Task prompt: Your answer must be the exact lines below, starting with the line with "Free Groundhog Day" and going on through the line with "Converse Grey Signature", both included, with no pictures.

Data for this task:
○ ○ ○ ○ ○

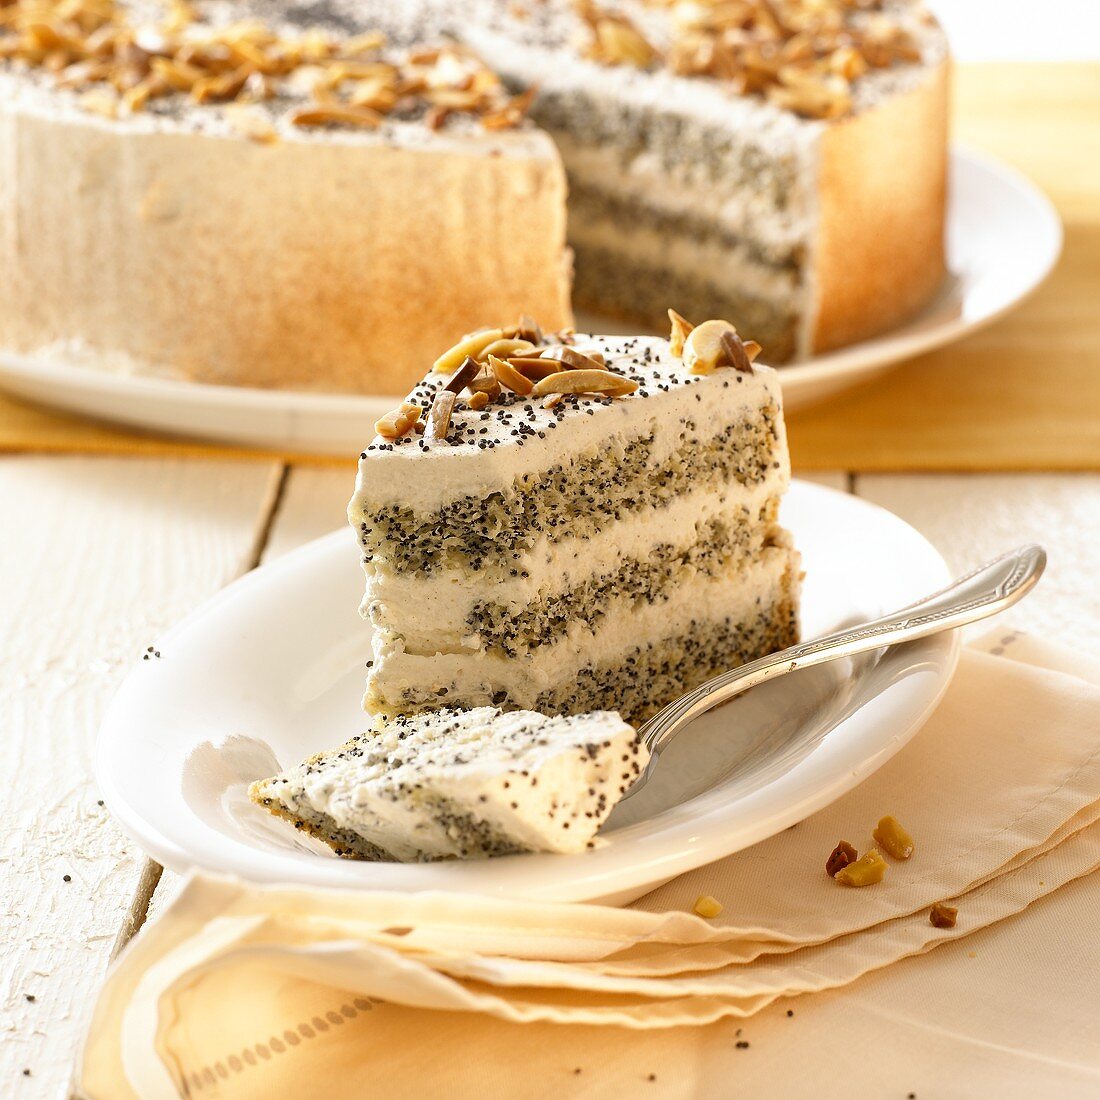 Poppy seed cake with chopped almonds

○ ○ ○ ○ ○

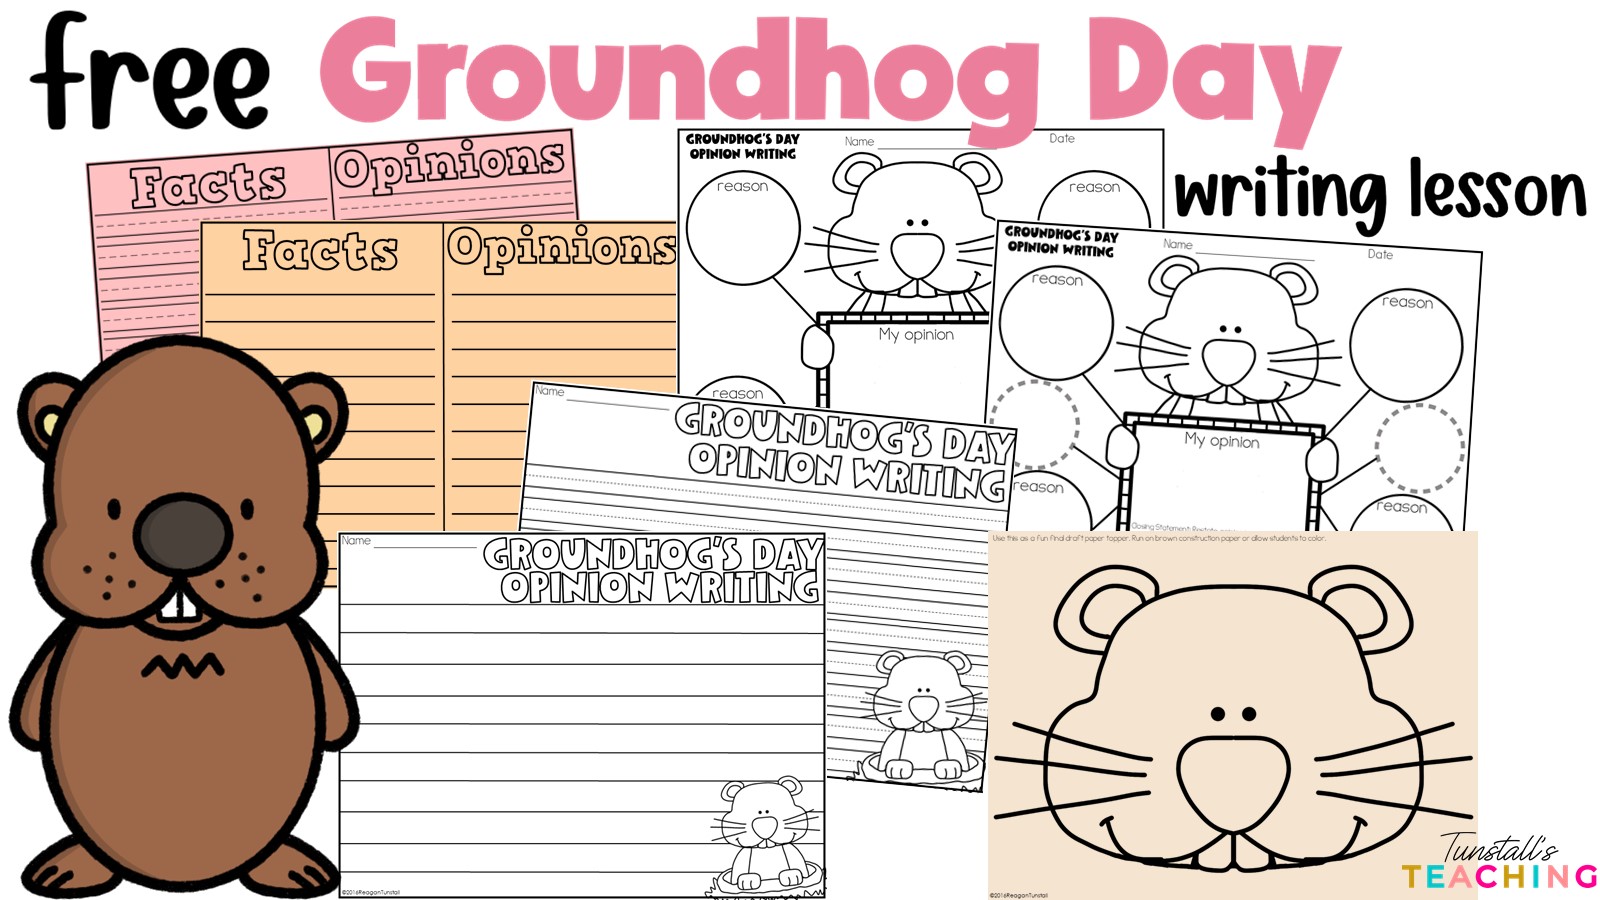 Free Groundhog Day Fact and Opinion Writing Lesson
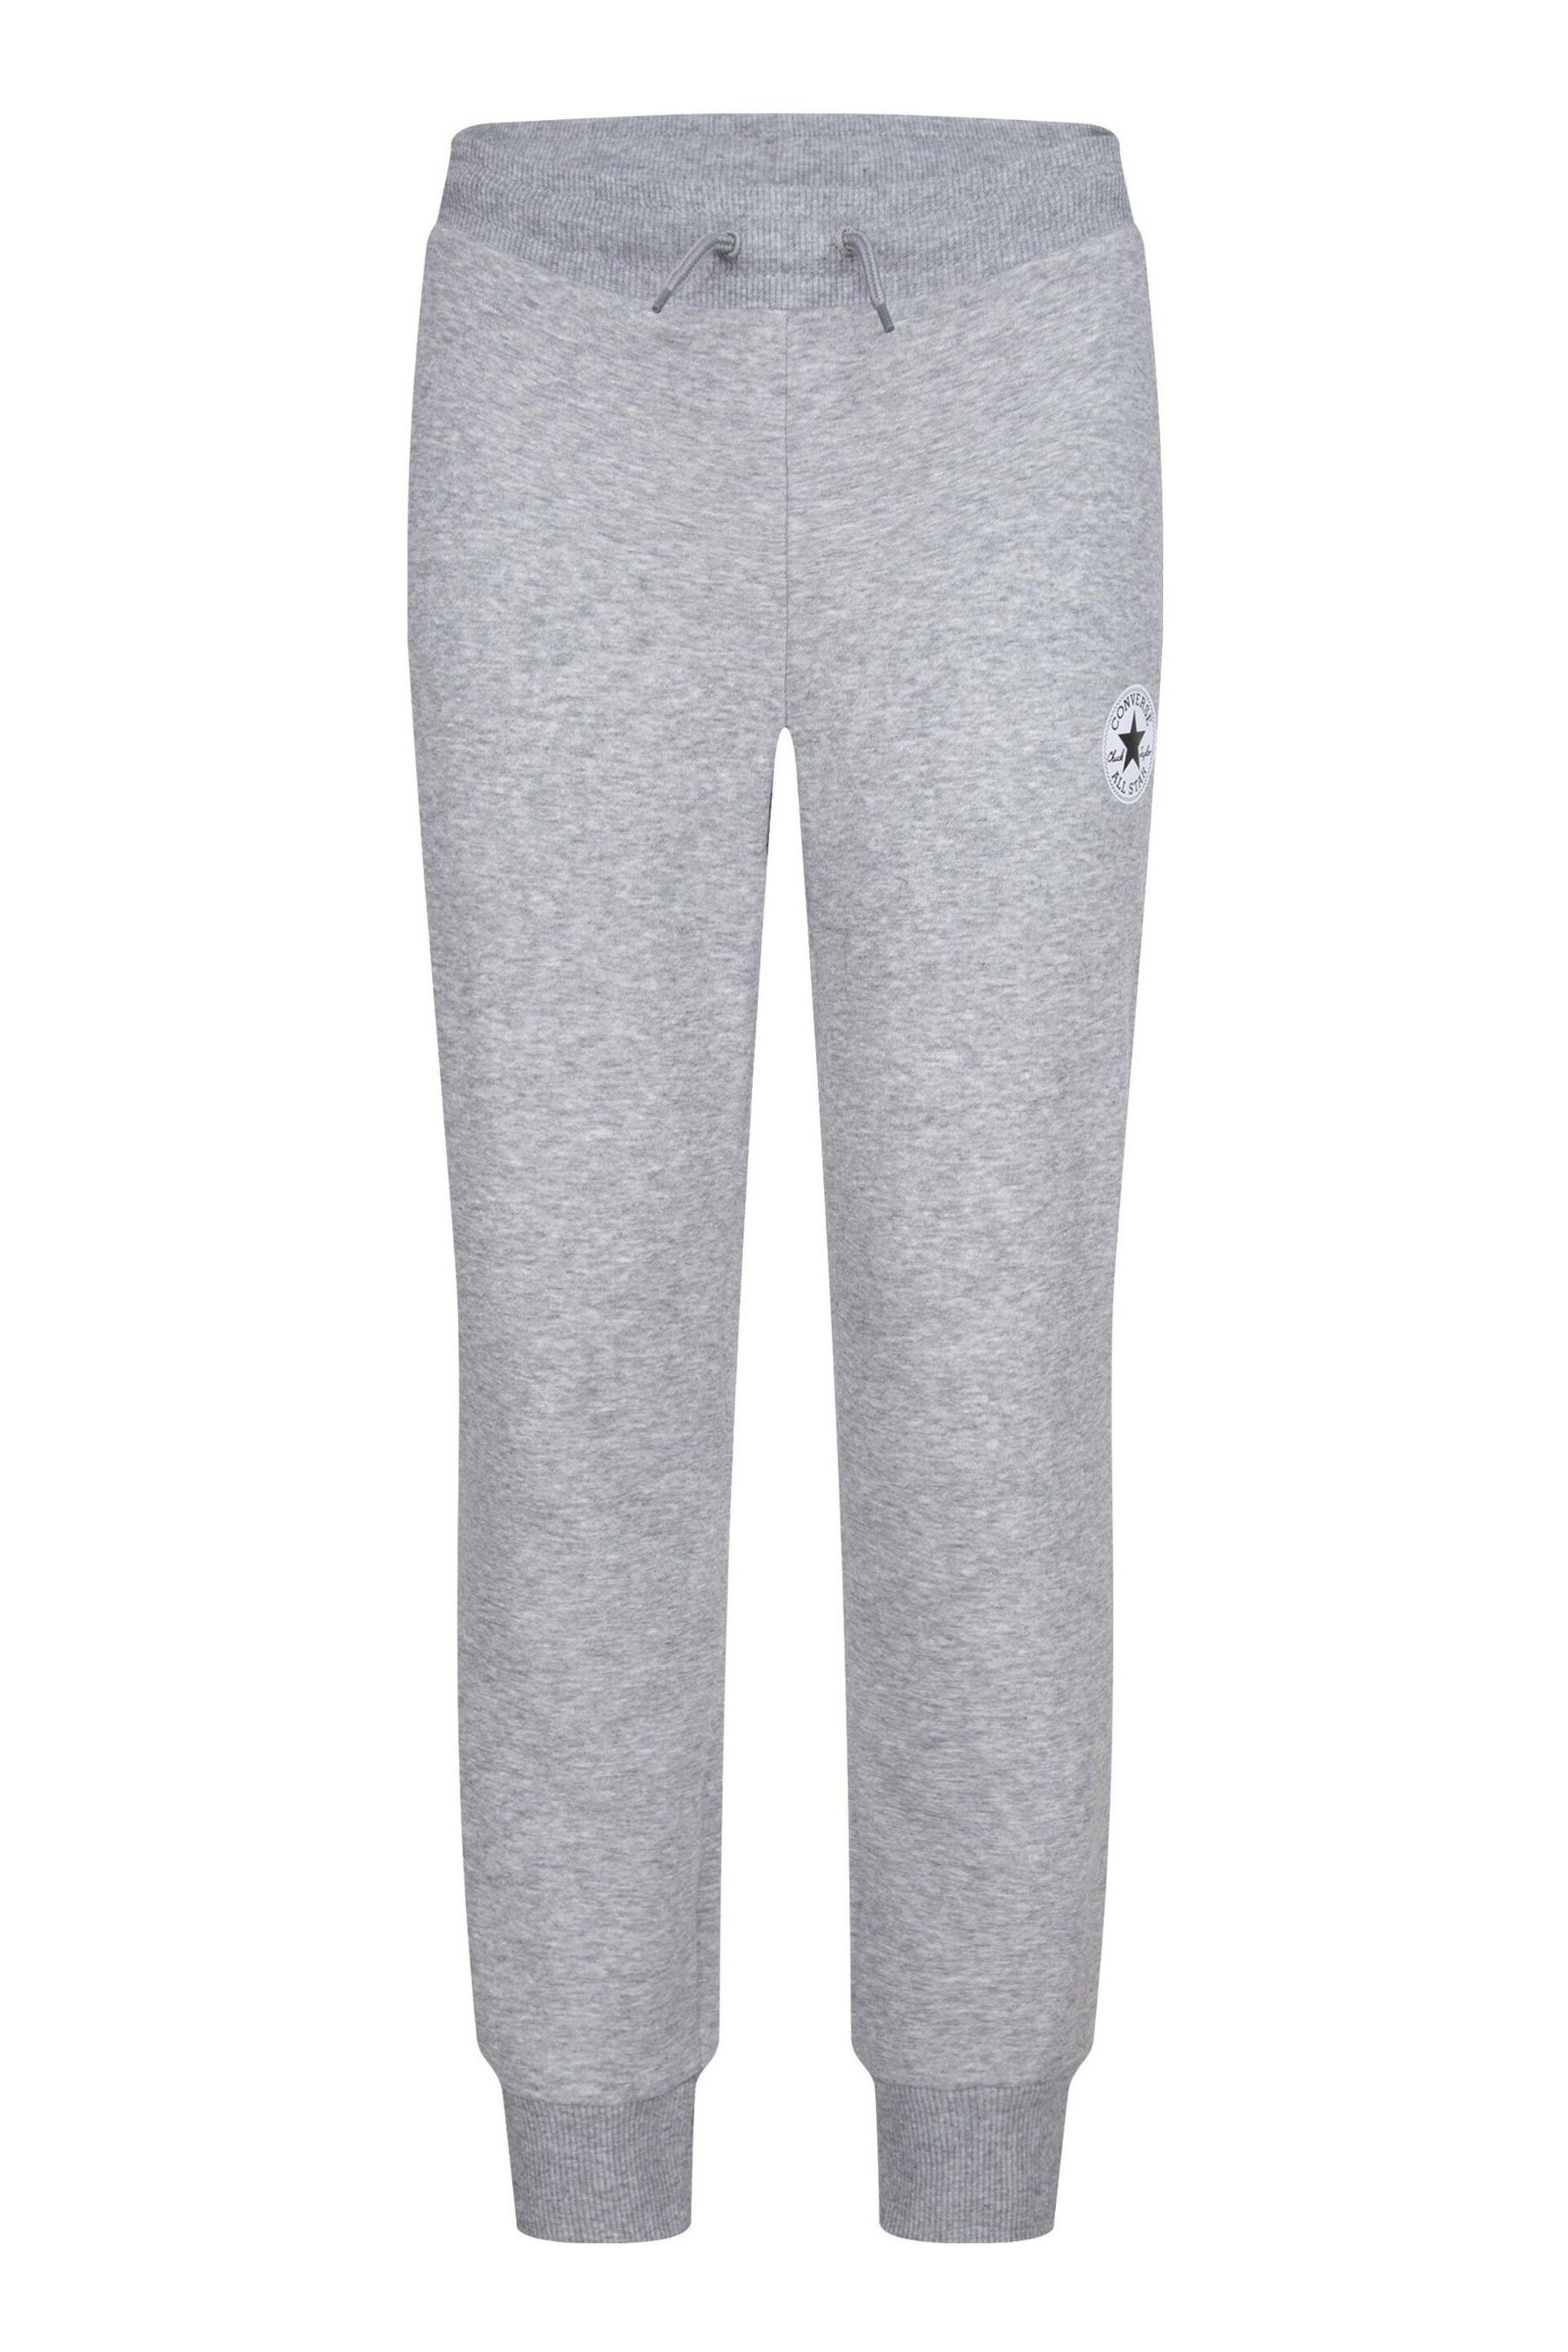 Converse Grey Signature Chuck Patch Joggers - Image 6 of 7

○ ○ ○ ○ ○

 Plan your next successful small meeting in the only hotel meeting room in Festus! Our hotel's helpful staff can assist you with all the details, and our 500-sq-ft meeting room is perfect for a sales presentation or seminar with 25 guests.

○ ○ ○ ○ ○

Completed task:
 Free Groundhog Day Fact and Opinion Writing Lesson
 Converse Grey Signature Chuck Patch Joggers - Image 6 of 7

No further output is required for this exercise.